Axel Bernd Kunze, stellvertretender Schulleiter der Evangelischen Fachschule für Sozialpädagogik Weinstadt und Privatdozent für Erziehungswissenschaft an der Universität Bonn, beschäftigt sich in seinem Beitrag „Regional lernen – global denken“ mit einer Didaktik Globalen Lernens. Dabei geht er der „Bedeutung der ganzmenschheitlichen Perspektive für Pädagogik und Erzieherausbildung“ nach (S. 46 – 52).

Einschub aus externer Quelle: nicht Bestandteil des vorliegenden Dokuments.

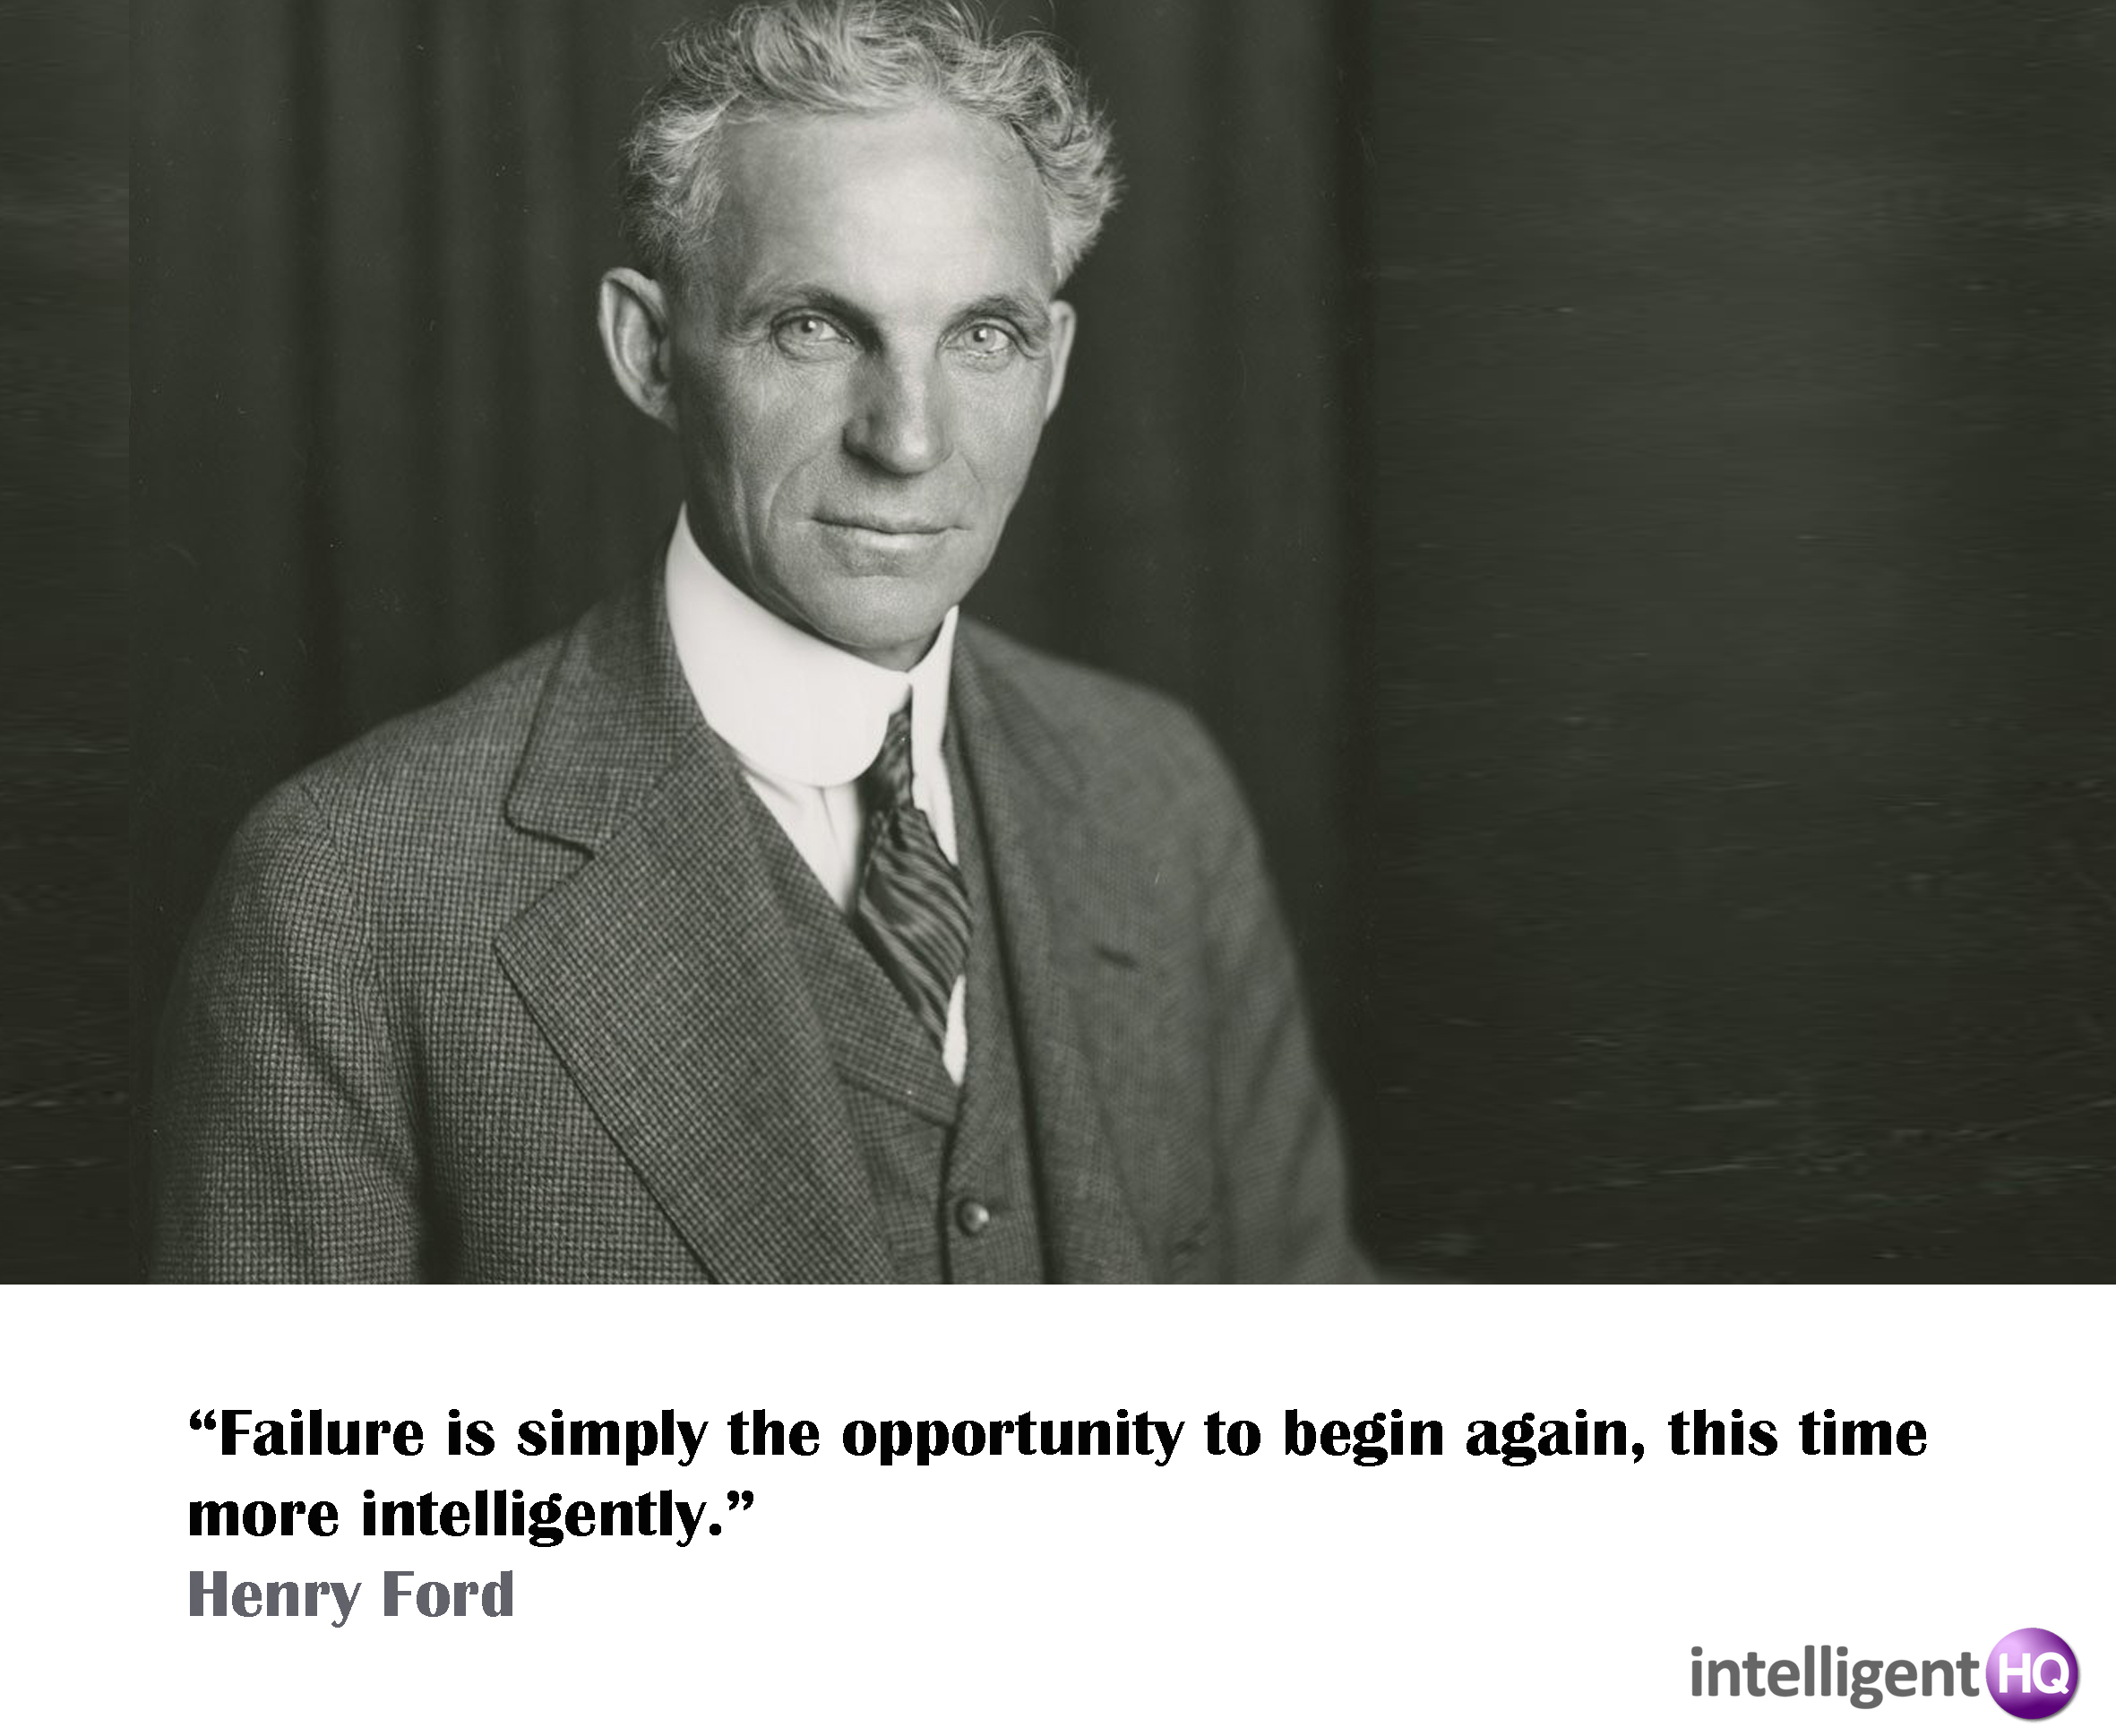 henry ford napoleon hill never met

Vorangestellt ist den beiden Fachbeiträgen ein Tagungsbericht, ebenfalls aus der Feder von Axel Bernd Kunze (S. 38 f.). Darin erinnert er an das Grußwort von Pfarrerin Christa Epple-Franke zu Beginn des Pädagogiklehrertages. Die stellvertretende Geschäftsführerin des Evangelischen Schulwerks in Baden und Württemberg hatte vor den Teilnehmerinnen und Teilnehmern die hohe Bedeutung grenzüberschreitenden Denkens und Lernens hervorgehoben. Unter Verweis auf ein Pauluswort machte sie deutlich, dass eine wichtige pädagogische Aufgabe gerade darin bestehe, den Einzelnen zu befähigen, sich in den anderen hineinzuversetzen.